James Merriman, CEO of the New York City Charter School Center, was not surprised.
“As has been true for more than a decade, charter school students continue to lead the way,” Merriman said. “Charter students outperformed their district counterparts not only in the percent of children passing, but also in growth year over year.”
A score of four indicates a student excels at a subject, three means a student is proficient in math or English, a two shows partial proficiency and a one depicts a lack of proficiency, according to Jonathan Burman, a representative of the DOE.
Charter students scored 48.2 percent proficiency on ELA tests, while public school students had 40.6 percent proficiency scores. This is a 7.6 percent difference in skill. The difference in math was even wider. Charter students had a 51.7 percent proficiency score on the subject and district students had a 37.8 percent score. That is a 13.9 percent disparity, according to NYC Charter’s analysis of the DOE test score assessment.
There were significant gaps in terms of aptitude in math and English when it came to some minority students, according to the NYC Charter study of the DOE results.
“The differences are even wider when comparing the performance of NYC black and Hispanic students to their counterparts in district schools,” Merriman said.
In math black charter school students had a 51.3 proficiency level and a 48.3 percent level in English. In comparison, their counterparts had a 20.7 percent proficiency level in math and a 28.9 percent proficiency level in ELA, according to the study. That is a 30.6 percent difference in math and a 19.4 percent difference in English.

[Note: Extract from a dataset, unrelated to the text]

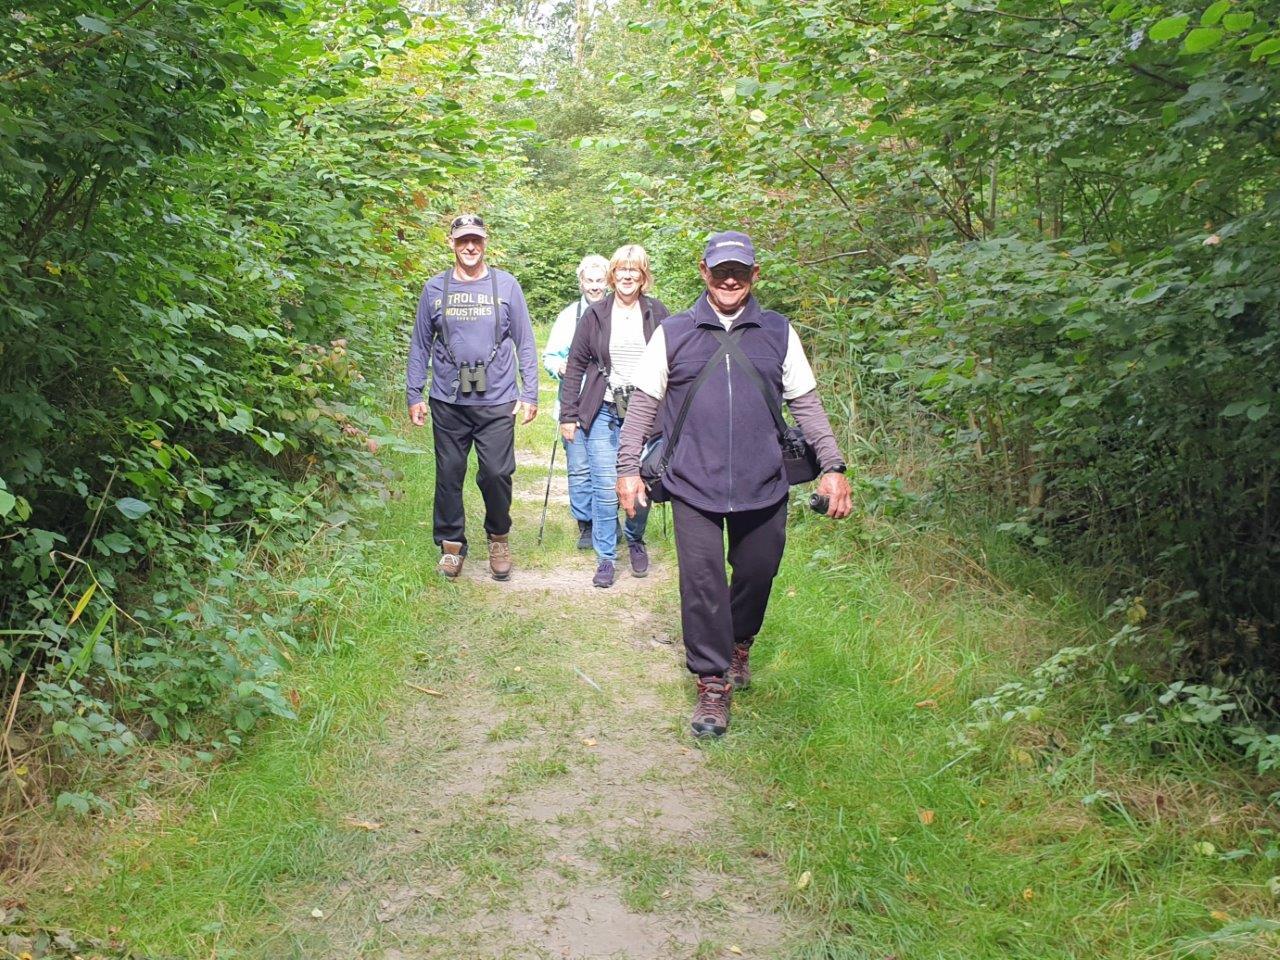 Deelnemers in het bos
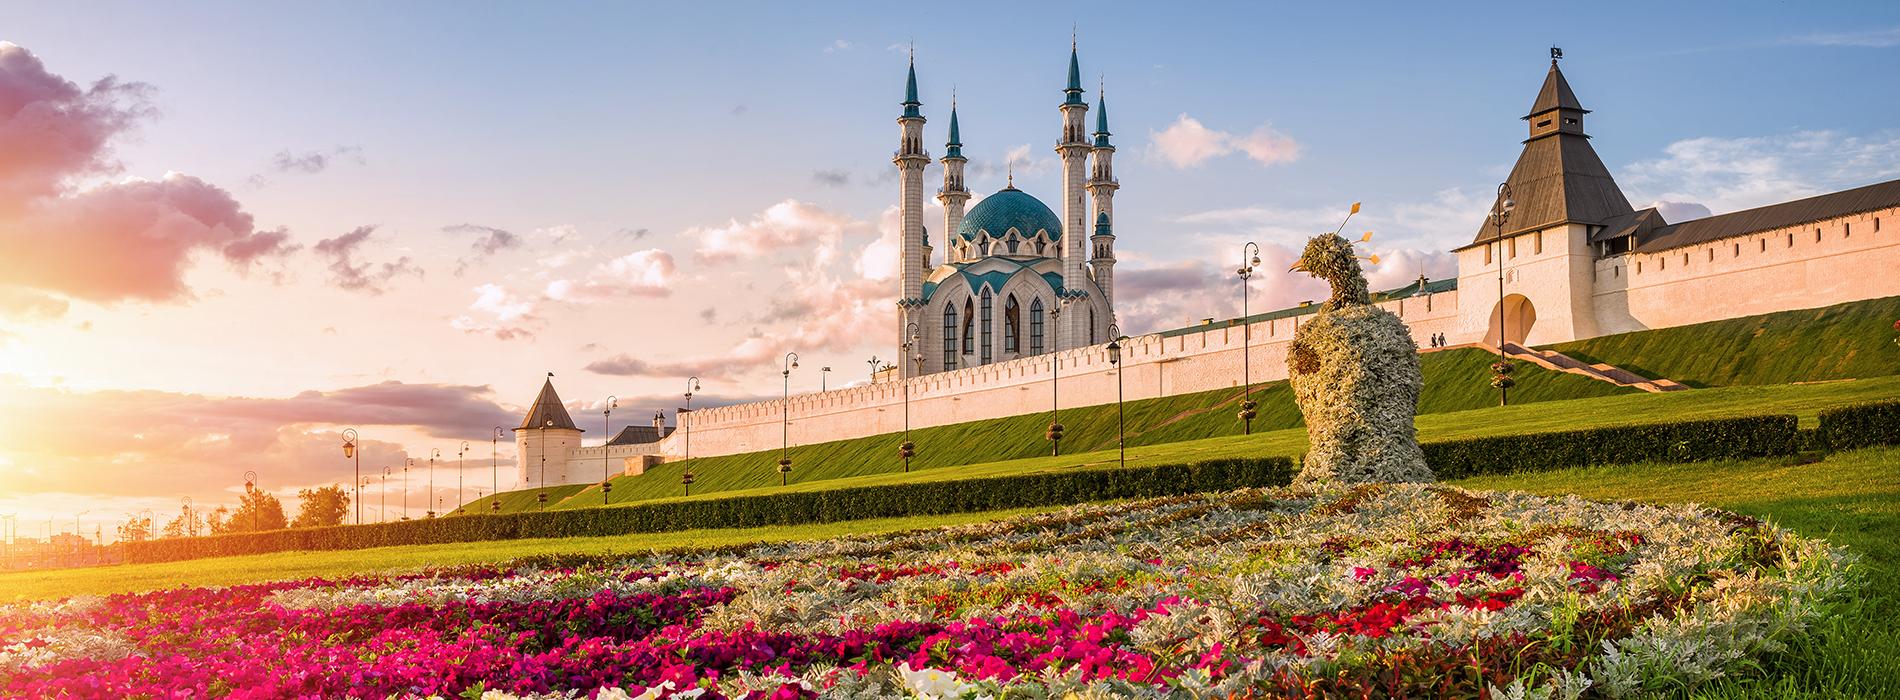 Авиабилеты Анапа — Казань, купить билеты на самолет туда и обратно, цены и расписание рейсов

Hispanics had a 48.5 percent proficiency level in math and 45 percent proficiency level in ELA, according to the study. Their district counterparts scored 23.2 lower in math and 15.3 percent lower in English. This means district students had a 25.3 percent aptitude in math and a 29.7 percent aptitude in English.
“For the first time, black New York City charter school students outperformed white test takers statewide in both ELA and math,” Merriman said.
Black charter students scored 48.3 percent in ELA and 51.3 percent in math, according to the study. White students scored 47.1 percent in ELA and 50.4 percent in math.
“We congratulate the hardworking students, teachers, leaders and families in NYC charter schools,” Merriman said.